Honduras coloca 80% de seu território em estado de alerta devido ao agravamento da seca
O governo de Honduras colocou cerca de 80% do país em estado de alerta devido à escassez de água, que ameaça o abastecimento de várias comunidades, além de lavouras e pecuária. A previsão é que a situação se agrave ainda mais nos próximos meses em decorrência do fenômeno climático El Niño.
Com 80% do território em alerta devido a uma grave seca, Honduras enfrenta forte escassez hídrica, perda de lavouras e morte de gado. Para mitigar os impactos na população e conter a insegurança alimentar, a ONU liberou fundos milionários de assistência aos municípios mais críticos. A crise de desabastecimento já atinge diversas regiões, incluindo a capital, e tende a se agravar até o final do ano com a intensificação do fenômeno El Niño na América Central.
Marie Griffon, correspondente da RFI em Tegucigalpa
A seca continua a se espalhar pela América Central. Para lidar com a situação em Honduras, o escritório da ONU no país liberou dezenas de milhões de dólares para diferentes cidades, incluindo a capital Tegucigalpa, informaram os jornais locais.
"Nas Nações Unidas, estamos trabalhando em coordenação com os governos municipais. Lançamos um pacote de ajuda no valor de US$ 62 milhões para assistir 33 municípios, sendo que 11 deles constam na lista dos 75 que estão atualmente em estado de emergência", explicou o representante da ONU no país, Alejandro Álvarez, durante o Congresso de Segurança Alimentar no parlamento hondurenho.
Embora o pico seja esperado entre outubro e dezembro, a situação já é extremamente preocupante no "Corredor Seco" - uma região que se estende do centro ao sul de Honduras - , onde a falta de chuvas ameaça diretamente a agricultura e a pecuária. As plantações estão sofrendo, e o gado está morrendo de fome e de sede.
"Já perdi seis vacas. Pode ser catastrófico. Tememos que isso continue e que nossos animais morram por falta de comida e água", diz Maria Ponce, uma agricultora dessa zona árida.

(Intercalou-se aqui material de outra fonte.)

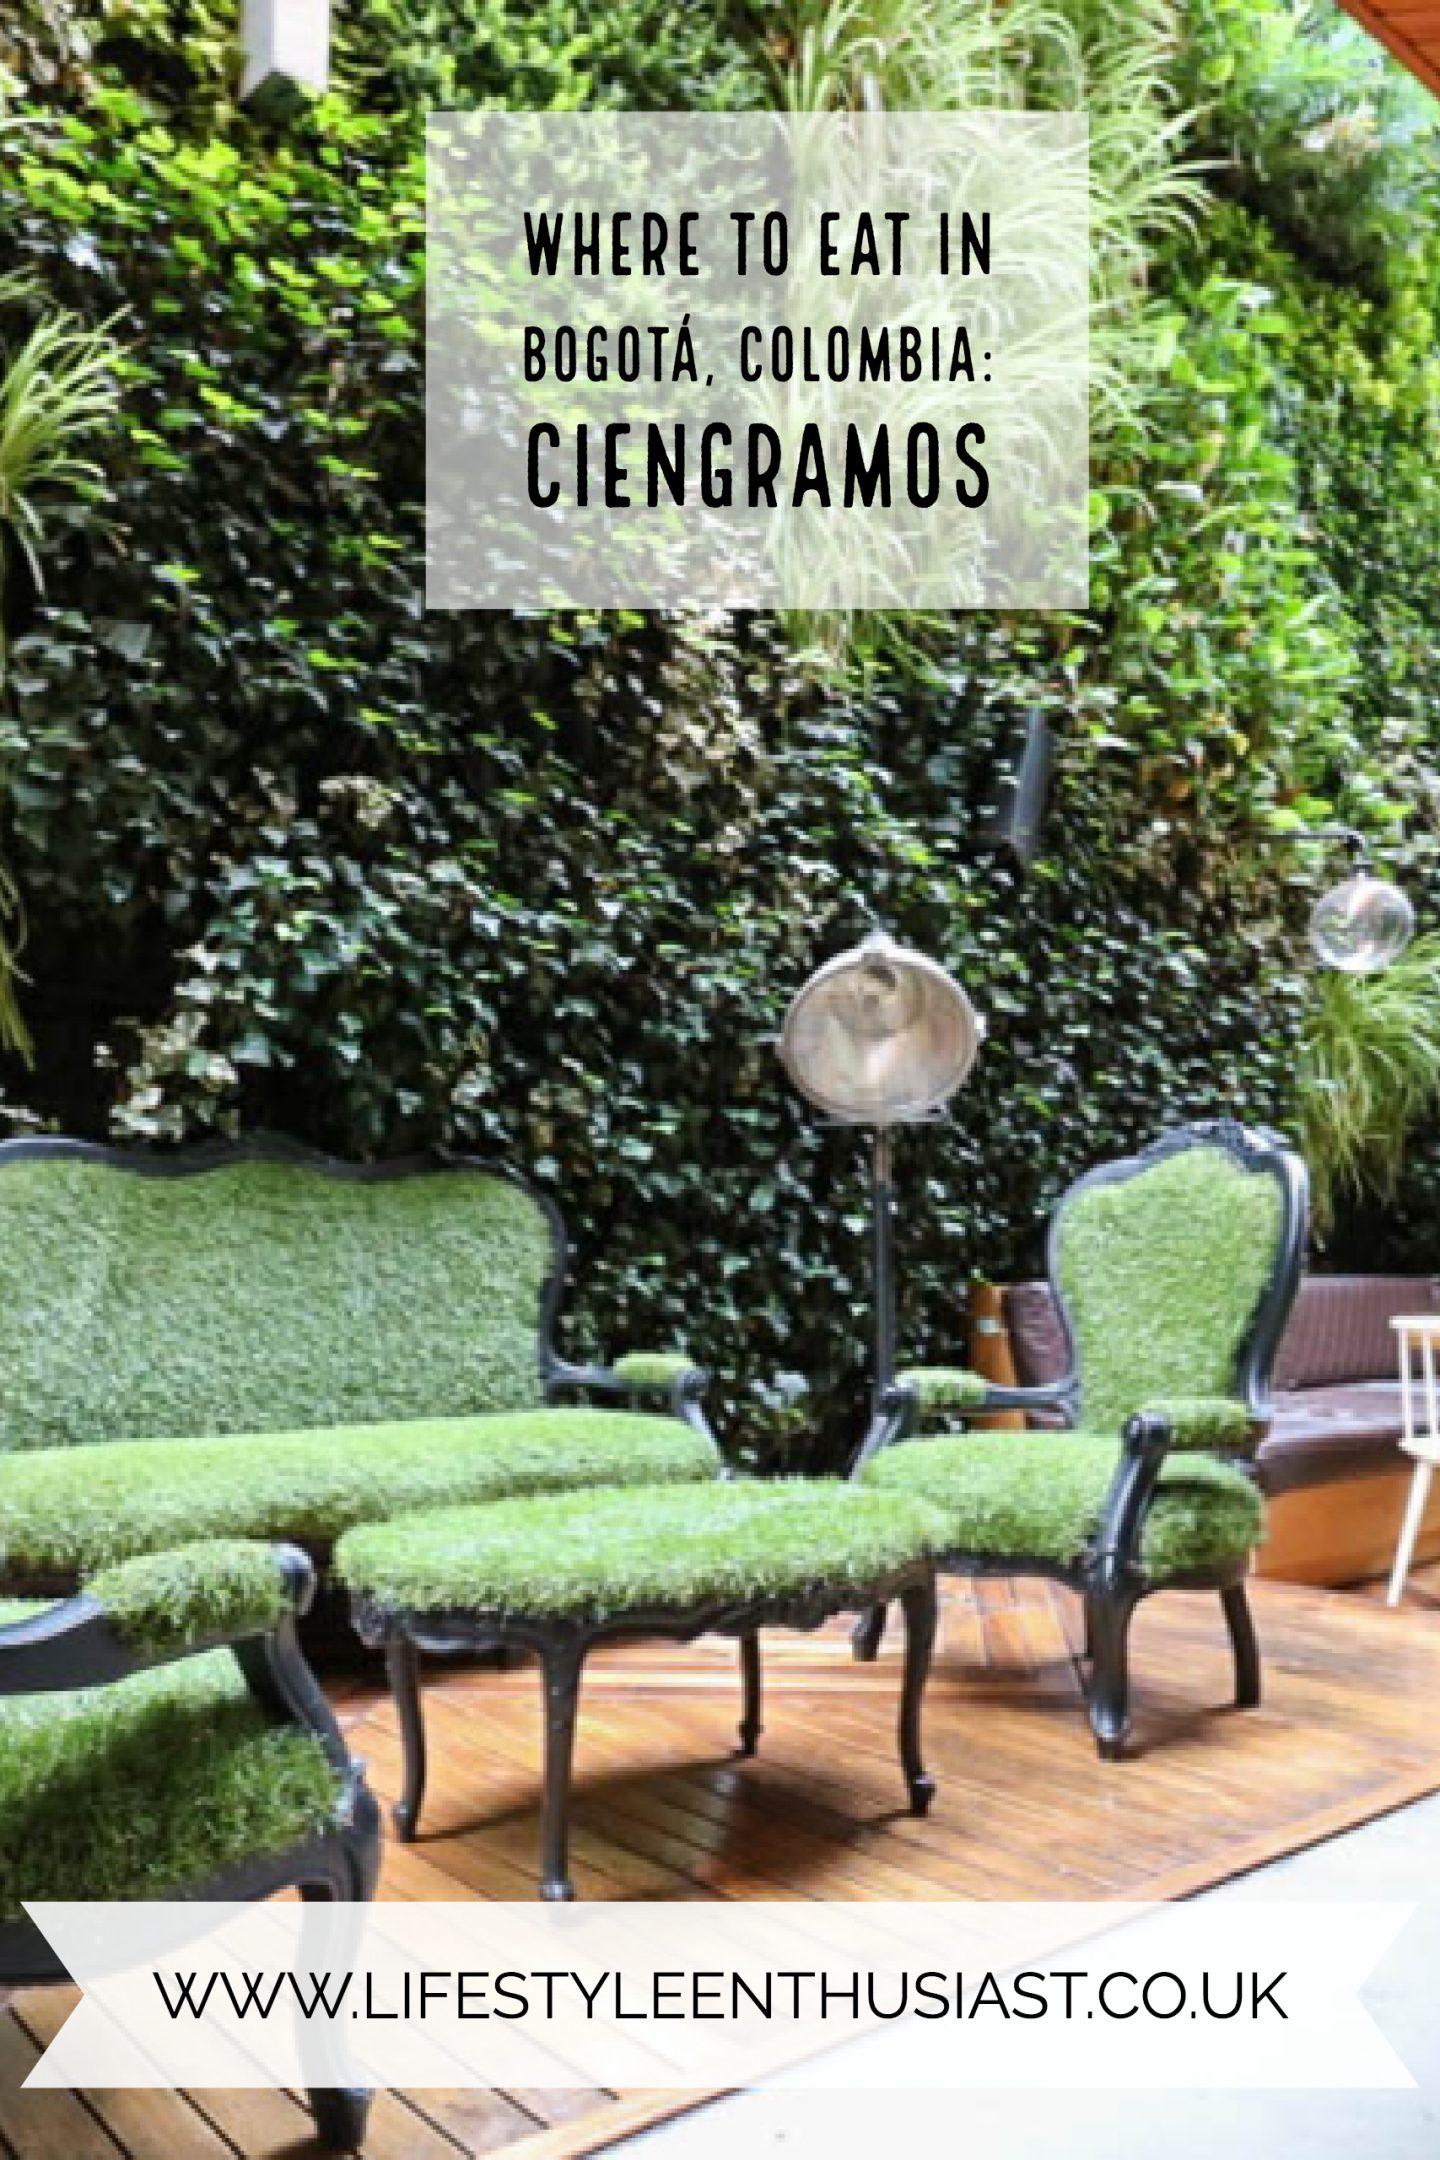 Ciengramos at Click Clack Hotel, Bogota, Colombia.

A escassez pode ser agravada pelo El Niño. Esse fenômeno climático, que ocorre em intervalos de dois a sete anos, caracteriza-se por temperaturas da água acima da média na porção oriental do Pacífico Sul. Desde que retornou este ano, em maio, as temperaturas da superfície do mar continuaram a subir, gerando consequências graves.
ONU dona más de 80 millones de dólares para combatir la sequía en Hondurashttps://t.co/8JMj1TEXsT pic.twitter.com/hphKumm23M
— Congreso Nacional de Honduras (@hn_congreso) August 19, 2026
"Mais preocupados a cada dia"
A crise também afeta a população em geral, particularmente em vários povoados nos arredores de Tegucigalpa. Alguns moradores enfrentam interrupções no abastecimento de água que podem durar dias.
"A água que vem das nascentes está quase acabando. Resta muito pouco, e ficamos mais preocupados a cada dia", explica Diego, morador local que relata ter ficado doze dias sem abastecimento em casa. Ele teme especialmente as consequências para a saúde caso a água se torne imprópria para consumo.
Em resposta à situação, o governo planeja distribuir água e perfurar novos poços. No entanto, a crise deve persistir: meteorologistas preveem que a seca se agravará devido ao El Niño, que pode ser o mais intenso da história.
O Programa Mundial de Alimentos da ONU, por exemplo, estimou recentemente que a América Central "provavelmente será a região mais afetada em termos de aumento relativo da insegurança alimentar" devido ao fenômeno climático.